___ EXERCISE DATA ___

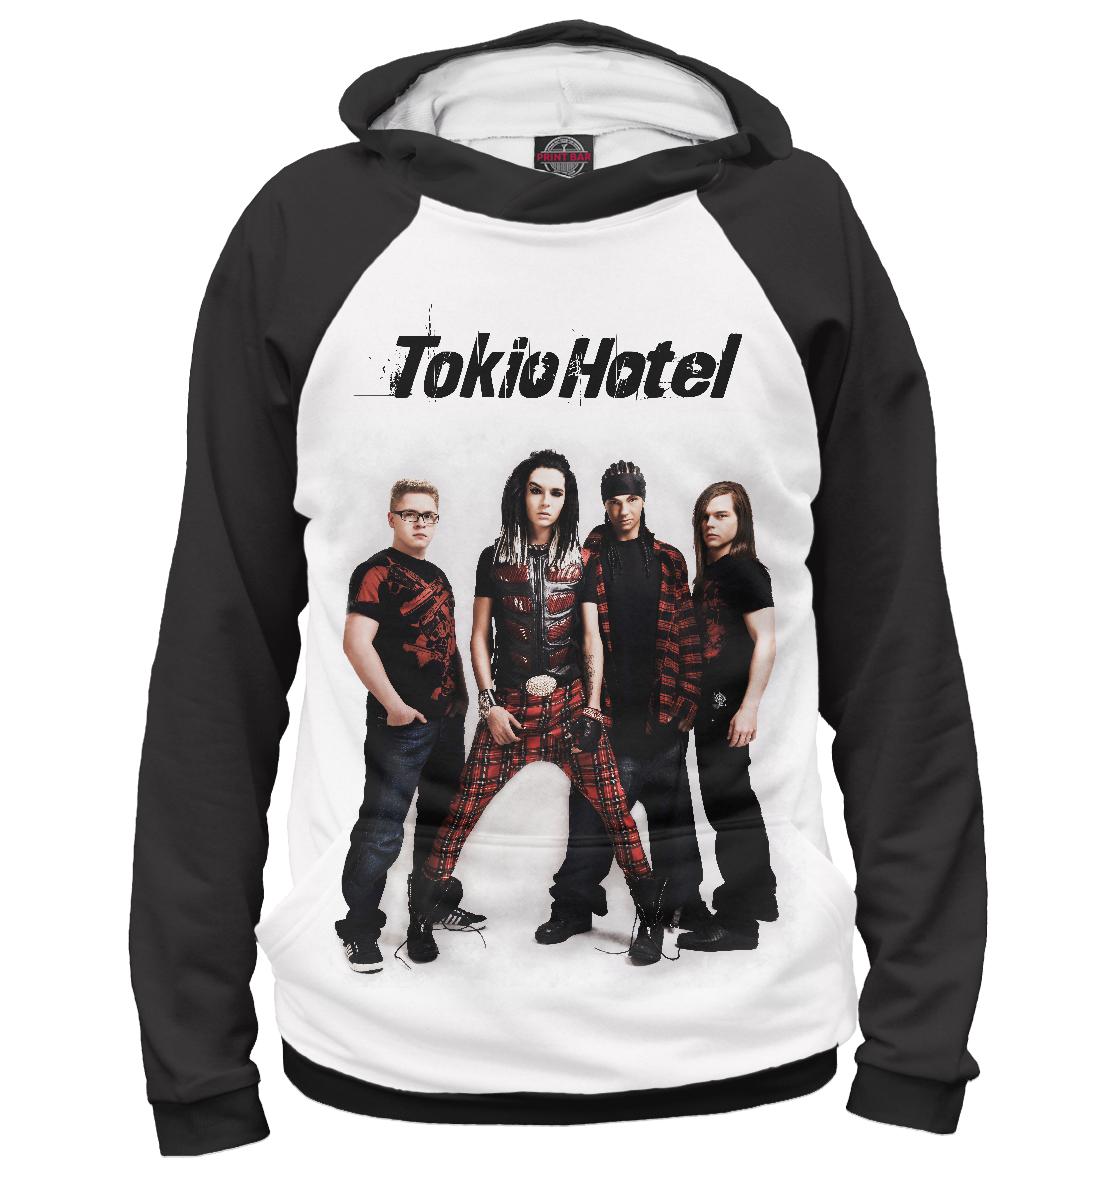 Купить Tokio Hotel, Printbar, Худи, THT-912478-hud-1
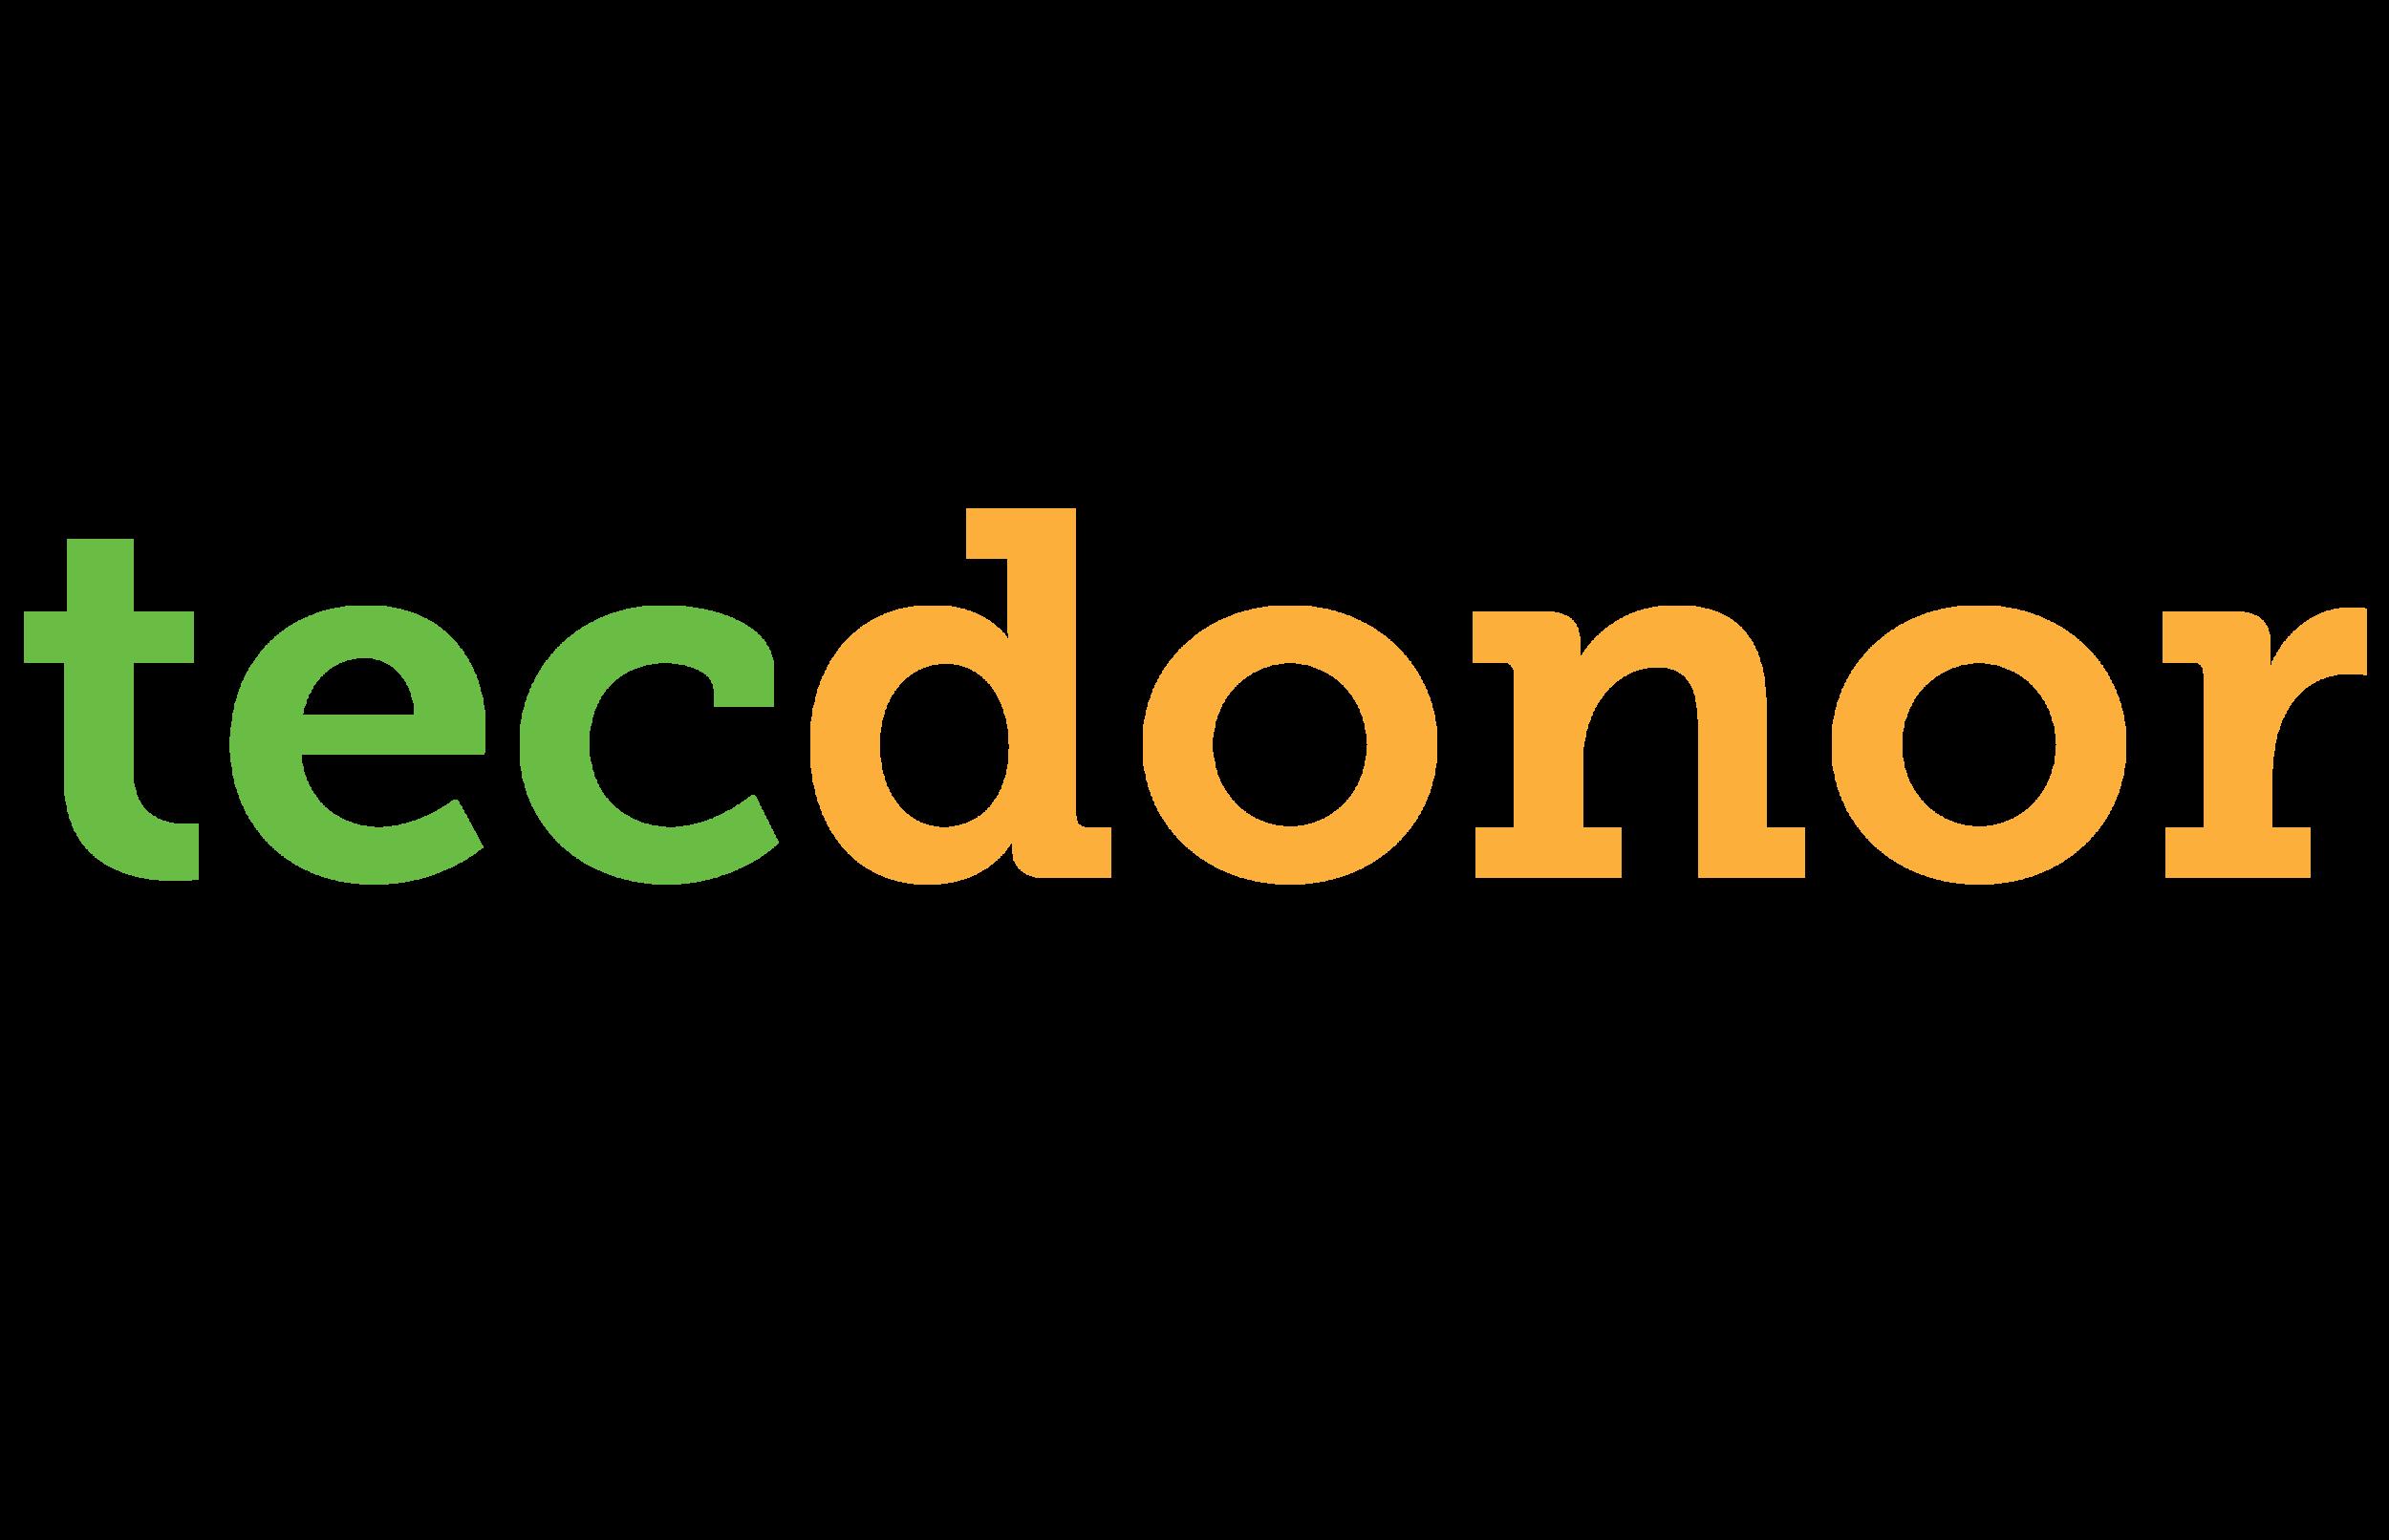 Tecdonor Logo.png
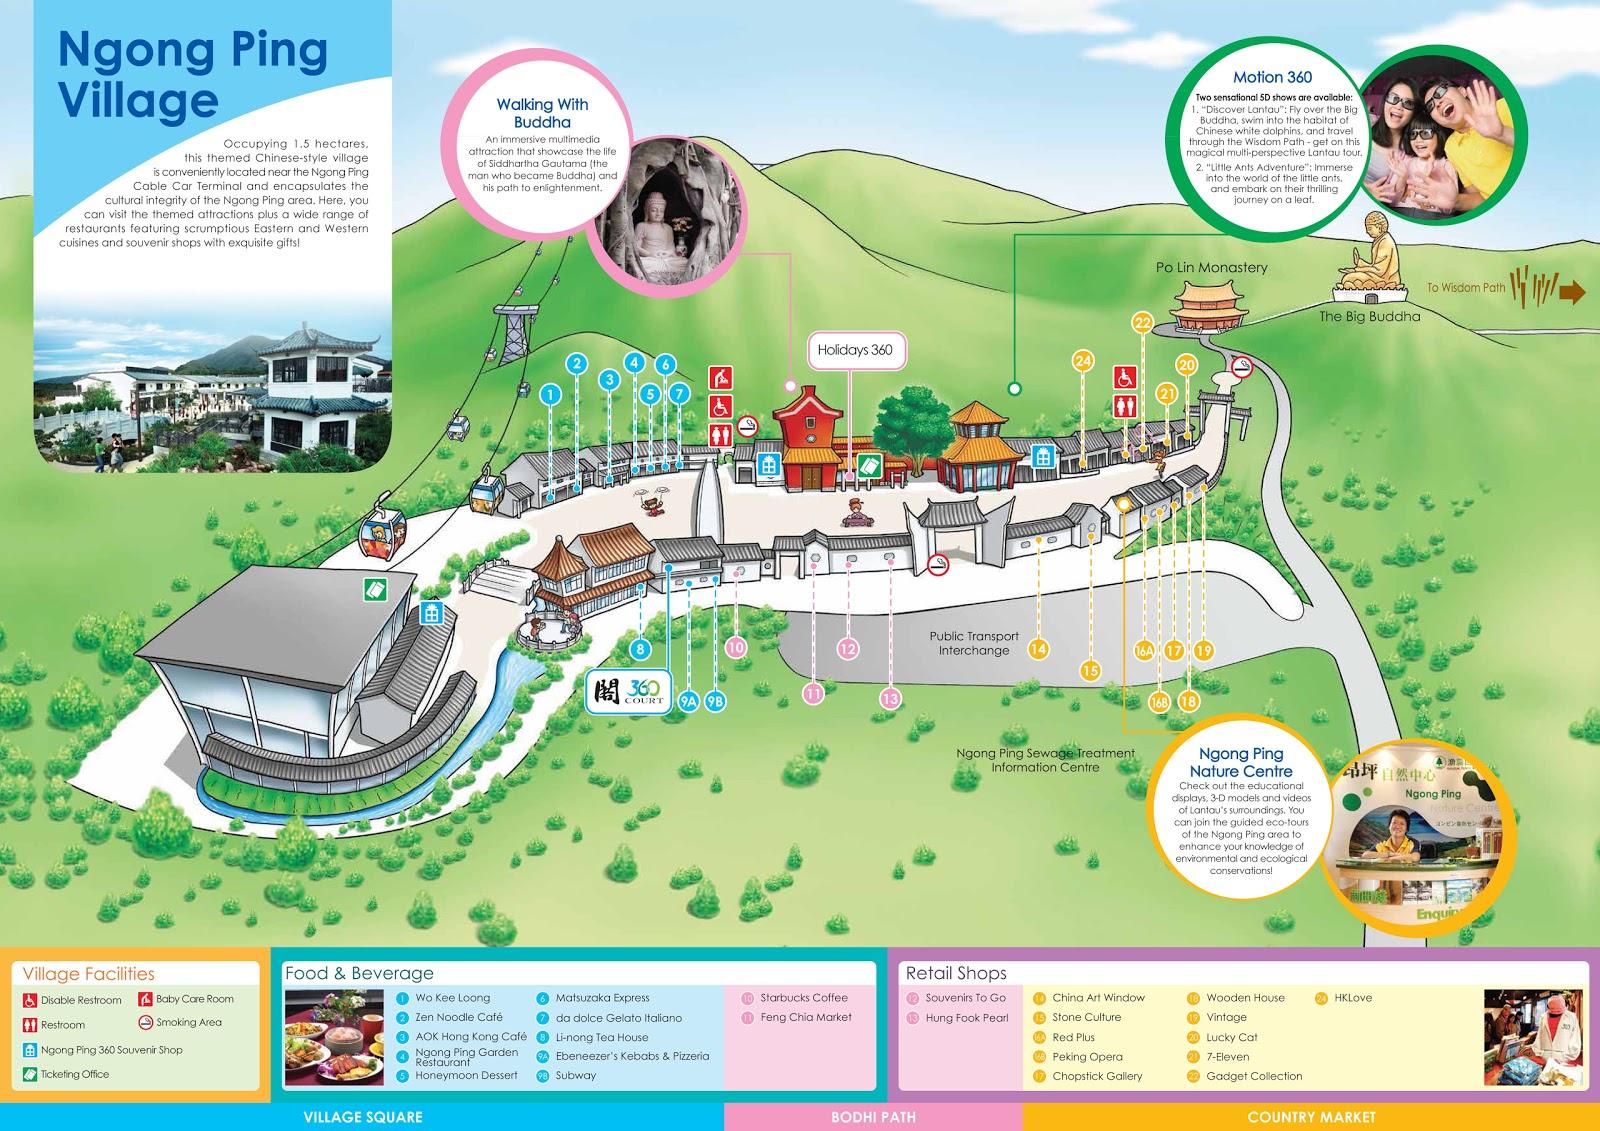 Hong kong day 1 ngong ping village tian tan buddha po lin ngong ping village map click the image to enlarge gumiabroncs Image collections
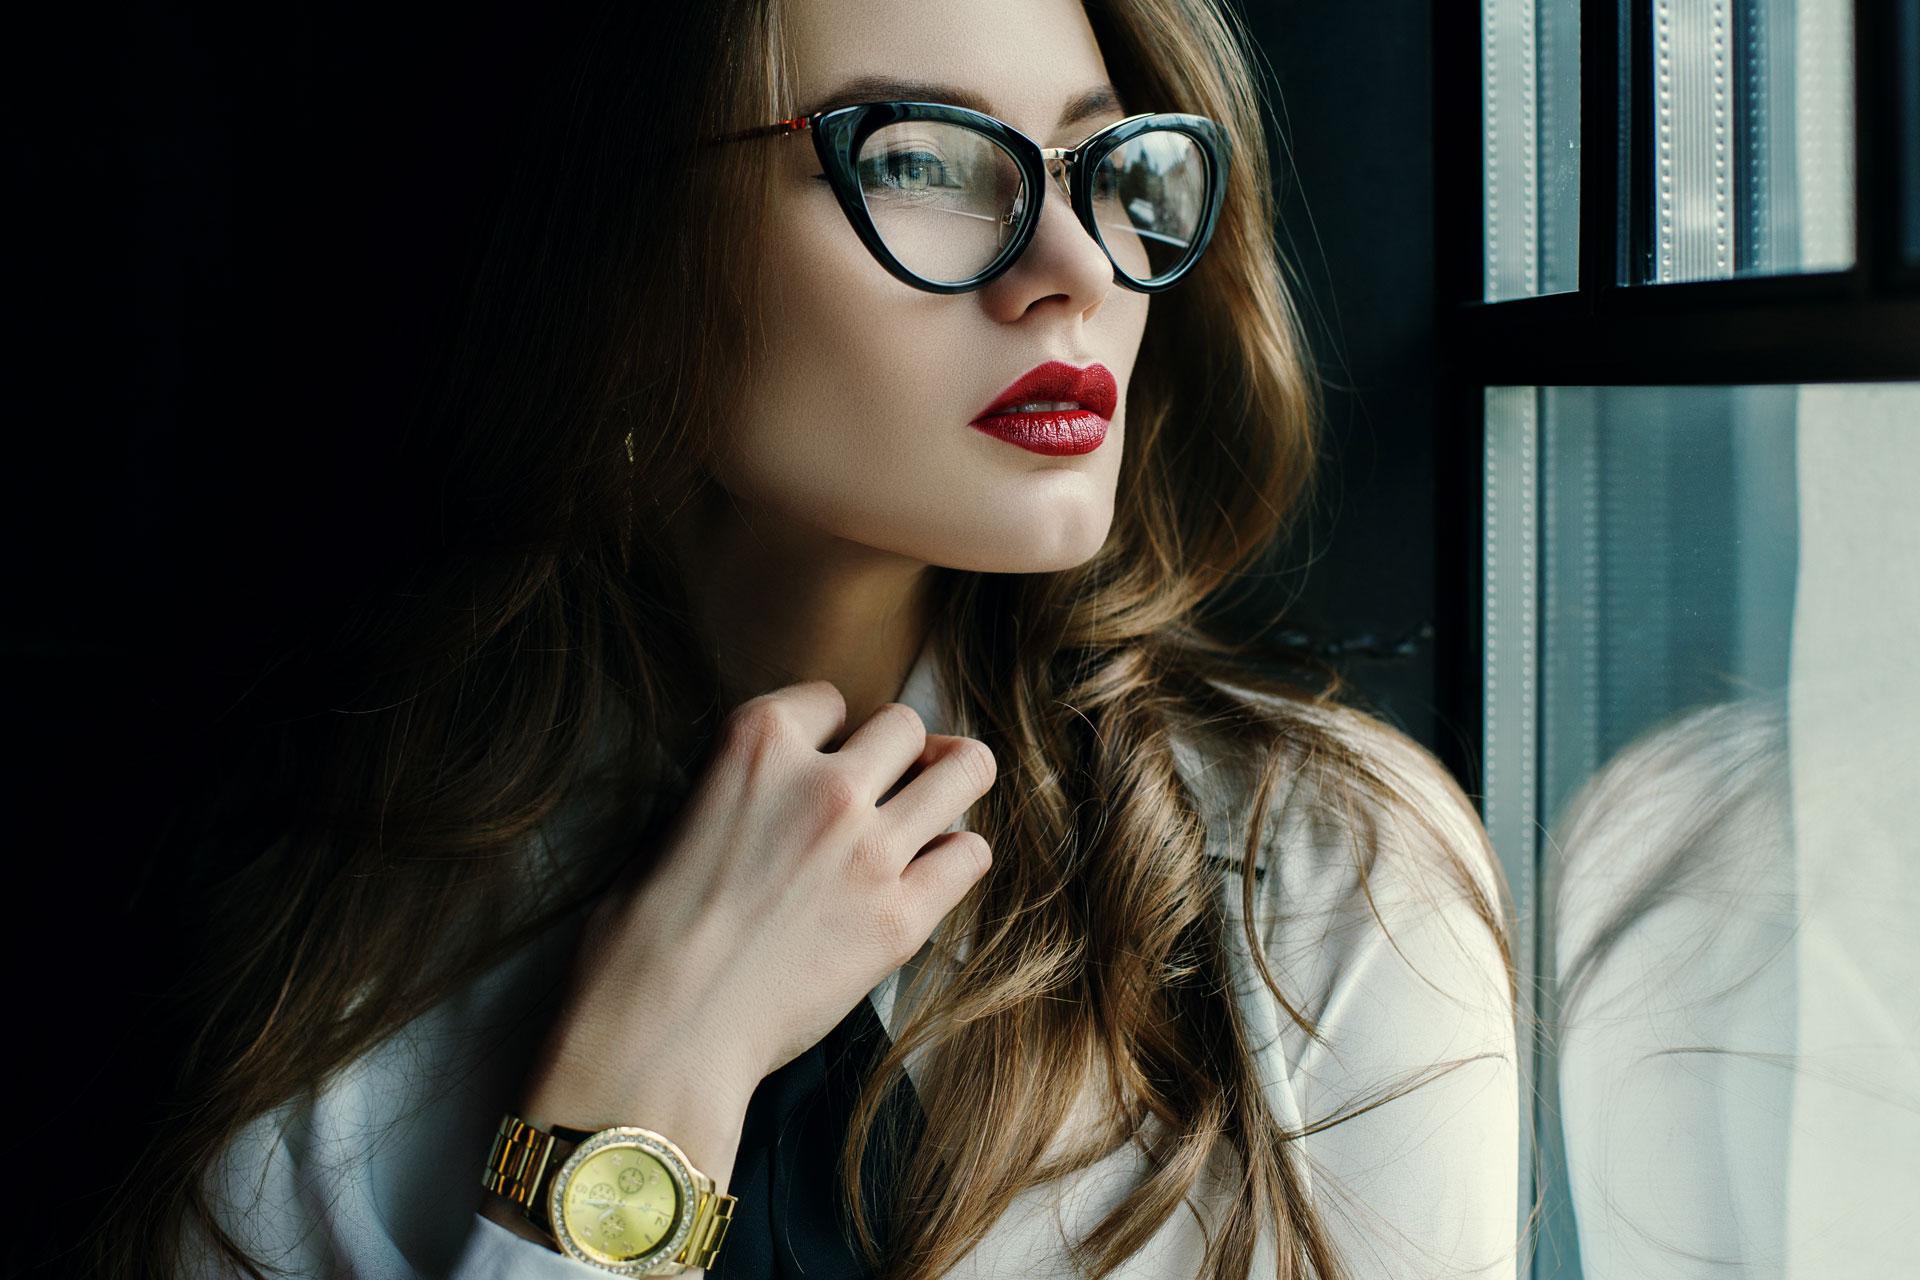 Kvinners mote metall hjerteformede farge speil solbriller

___

> [ASSIGNMENT] Restate the listing above word for word and skip each picture.

> [RESPONSE BELOW]
 Купить Tokio Hotel, Printbar, Худи, THT-912478-hud-1
 Tecdonor Logo.png
 Hong kong day 1 ngong ping village tian tan buddha po lin ngong ping village map click the image to enlarge gumiabroncs Image collections
 Kvinners mote metall hjerteformede farge speil solbriller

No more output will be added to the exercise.